Sunday, June 08, 2014

Is a report any different than other application Views?

Is a report any different than other application Views? I don't think so. Your architecture should have several View/Renderer Engines and Controller/Processor Engines. When would you call "Report" any given View?

The Latin word "reportare" means "carry back". When we build reports as Software Engineers all we do is accept some parameters or a simple request and bring back a response with a specific format in a specific media. As it happens when we deliver a paper after a phone call in Software we deliver a pdf/excel/word file or embedded view in a native application or a website. It can be just plane or formatted text in a native application, a simple HTML fragment for a web application or website, and the list goes on.

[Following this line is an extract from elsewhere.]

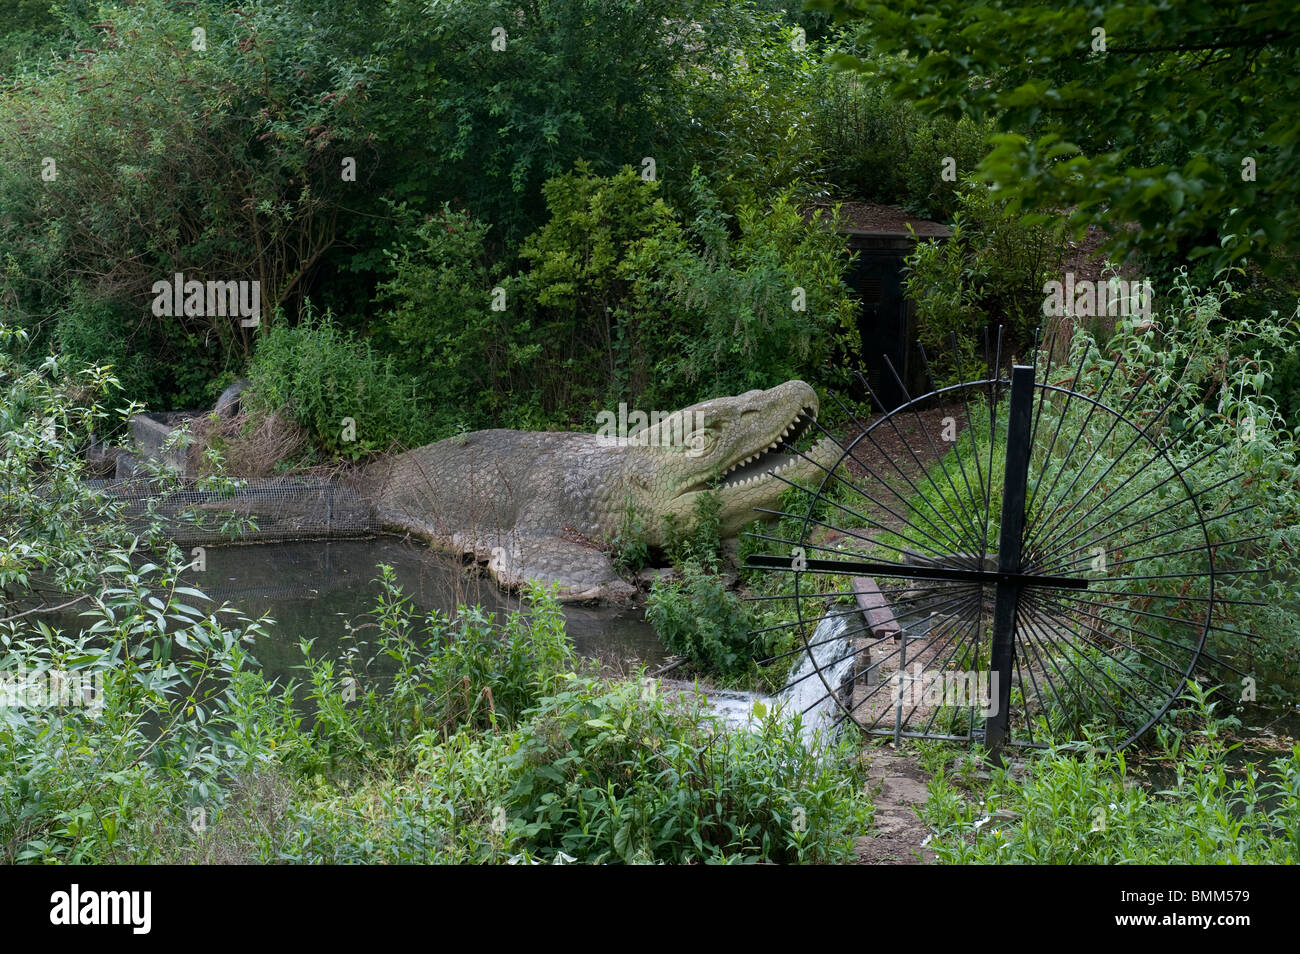 Modello di dinosauri in Crystal Palace Park, London, Regno Unito Foto Stock

But what is the difference between this "response" and any other application response? Is it that a report is created with a WYSIWYG application where datasets and a specific Domain Specific Language (SDL) is used? Is it that they take longer to be produced than a regular view?

IMO deciding what is a report and what is not is certainly difficult in some cases. For example if you ask a Microsoft Engineer for a report out of certain transformations that are necessary, the solution will include some SSIS and SSRS projects. Here you use two tools which hopefully you can combine behind a user interface and make it transparent to the user.

Any software application we build will have some kind of user interaction and a response to that user interaction (Even if some Views result from automated tasks and are sent as email attachments, they still have at a minimum some hardcoded setup and most likely some configuration to read before executing). I sustain that a report is not any different than any other application View. It needs a renderer engine and a processor engine. The combination of processors and renderers can result in the most complicated logic being executed and *reported* back to the user. The application *reports* constantly to the user.

Use any tool that makes sense to build your application Views. Call some of them "report" if you want. But at the end of the row you need View/Renderer Engines and Controller/Processor Engines available to "carry back" to application users the response they are expecting. The combination of these two engines give you the power to deliver an application structure that meets any demand without having to argue if what you are building is actually a "report". If you are carrying back information to the user you are reporting to the user.

ETL and Report tools are just that, tools. The architecture should not name components based on the tools being used.